One sight we had our eyes out for was the Fortress of Europe. It was built by Mehmet the Conquerer (there are great names in Turkish history) prior to his assault on Constantinople and completed by three viziers who managed to complete the whole thing in only four months. It was used to cut off the passage of ships to Constantinople and ultimately supported the change from Constantintople to Ottoman Istanbul. Plus, it's just a little funny to imagine your enemy spending a few months building a big fortress just outside of town while you just go about your business.

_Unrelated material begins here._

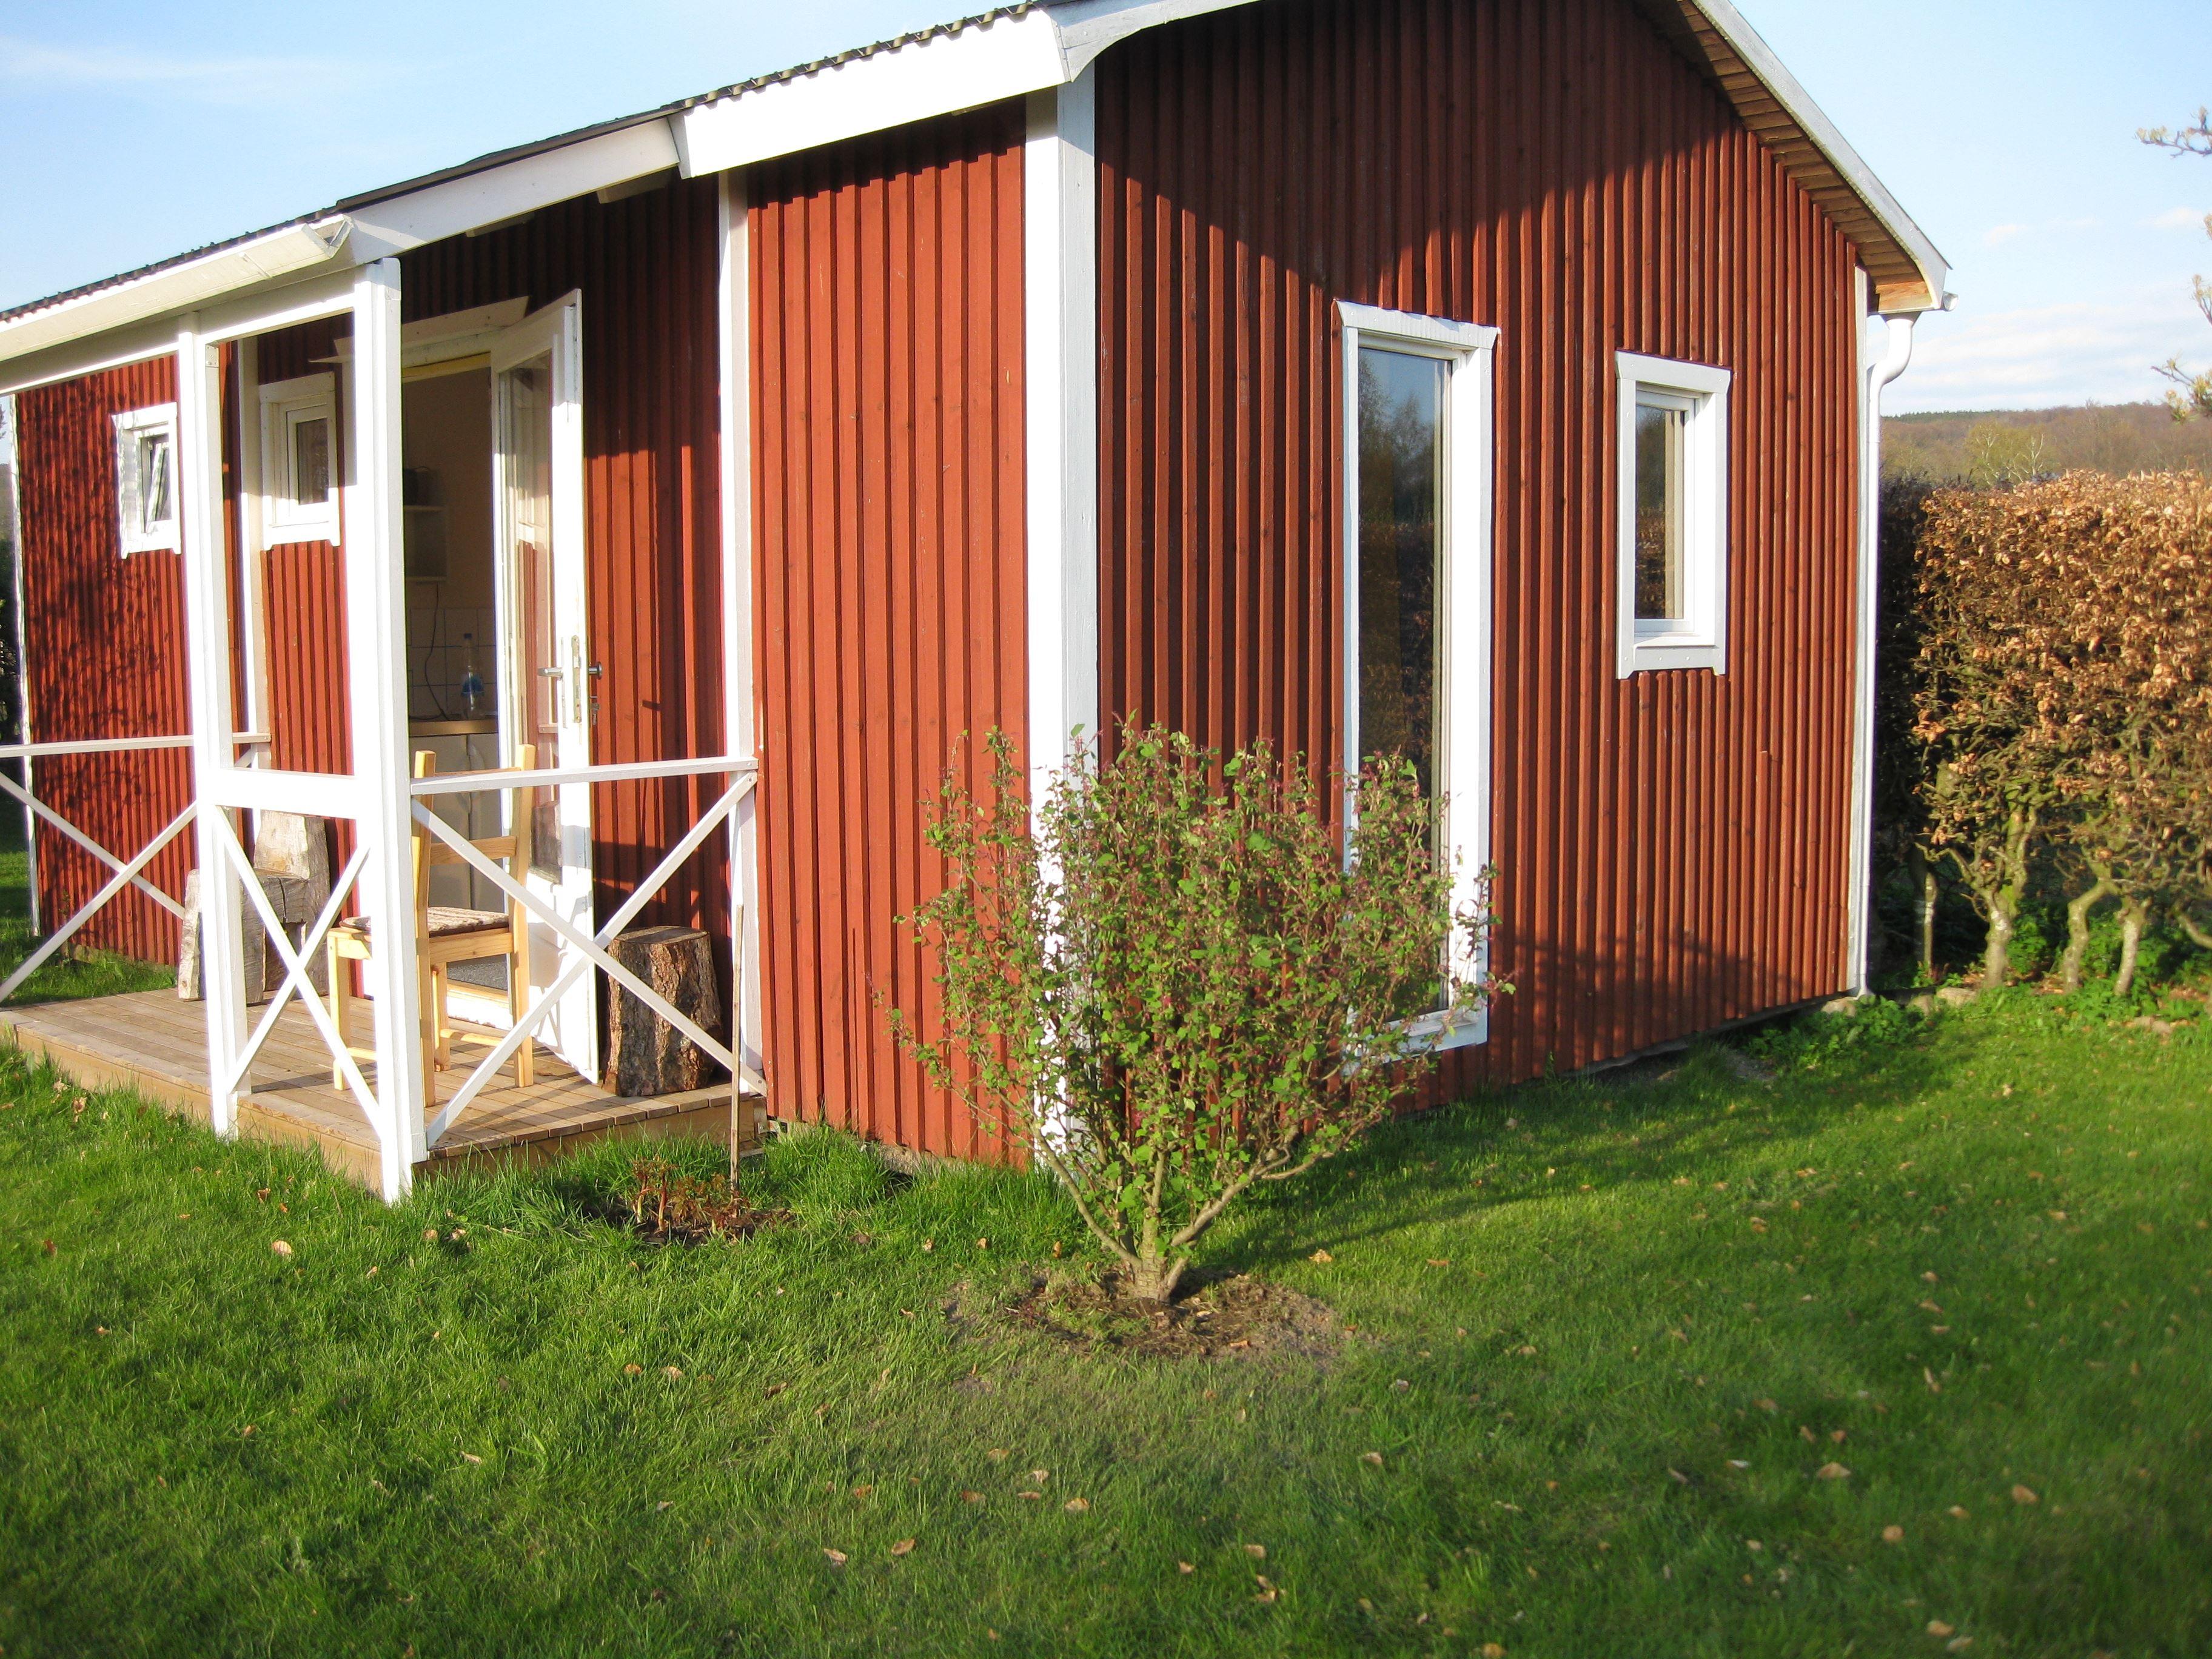 Boende - Båstad (Christel Voges)

The Fortress of Europe, built in four months and a contributor to the defeat of Constantinople
We had a two-hour break before the next ferry, so we got off in a small village, Rumeli Kavagi, on the European side a bit south of the Black Sea. We walked around a bit, had a little lunch by the water, and watched people go about their business, men and women in rowboats, boys out swimming and jumping off the buoys. Much as I am loving Istanbul, I did enjoy the peace and calm in this coastal town.
Our view during lunch on the Bosphorous, near the Black Sea with castle ruins and youth jumping from buoys into the beautiful marine-colored waters
Returning to the Bazaar Quarter, with minarets and mosques dominating the skyline
Getting back, we realized we were now in a bit of a rush to get back and see the Aya Sofya before its closing time. We hoped on the rush hour-filled tram back to Sultanahmet and got in with a good hour of time before closing.
The Aya Sofya (also called the Haghia Sophia) was built in the 6th century. It was and is an architectural marvel, with the huge dome soaring above you. In the 15th century, the Ottomans converted it to a mosque, leading to bemusing scenes like a mosaic of the Virgin Mary soaring above the mihrab, or niche indicating the direction of Mecca for Islamic services. Now to avoid any confusion it's a museum, preserving elements of both historical purposes. At first, I was disappointed to see half of the upper dome covered for restoration and filled with scaffolding, but even that couldn't distract me from the feeling of awe and majesty that architecture inspired.
The Aya Sofya
Even the scaffolding couldn't take awake from the grandeur of the 184-foot high soaring dome
There were a number of gorgeous mosaics that still remained in the upper part of the church. This is notable because many icons, or religous images, were destroyed during a time known as the Iconoclast period, when the only imagery allowed was the sign of the cross. In addition, when Islam became the major religion, many churches were destroyed or converted to mosques. Fortunately in the Aya Sofya the mosaics were plastered over and many were recovered. As you walk along you can see that the undersides of arches are covered with jewel-like surfaces. There are also a number of scenes, including the archangel Gabriel, the Virgin Mary and Christ.
One of the gorgeous mosaics that survived the Iconoclast period and from being plastered over when the church was converted to a mosque
Immediately below the mosaic of Mary remains the mihrab, or niche indicating the direction of Mecca
All in all, the museum is a photographer's dream, with niches, atmospheric light streaming in, dark hallways lit with low-hanging chandeliers, and the mosaics which glow in the photos.
Details from the Upper Gallery
Tyler loving the Aya Sofya
There was lots of atmospheric light and details that brought out the shutterbug in both of us
It's interesting to be back in a place that has so much to see at every turn...and is full of other tourists anxious to see as much as possible before moving on to the next site, city, country. After travelling for this long, we've definitely slowed our pace, so being here has had a more frenetic pace. But Istanbul is definitely in contention for my favorite big city of the trip, so I'm happy to spend the day wandering through the sites and scenes.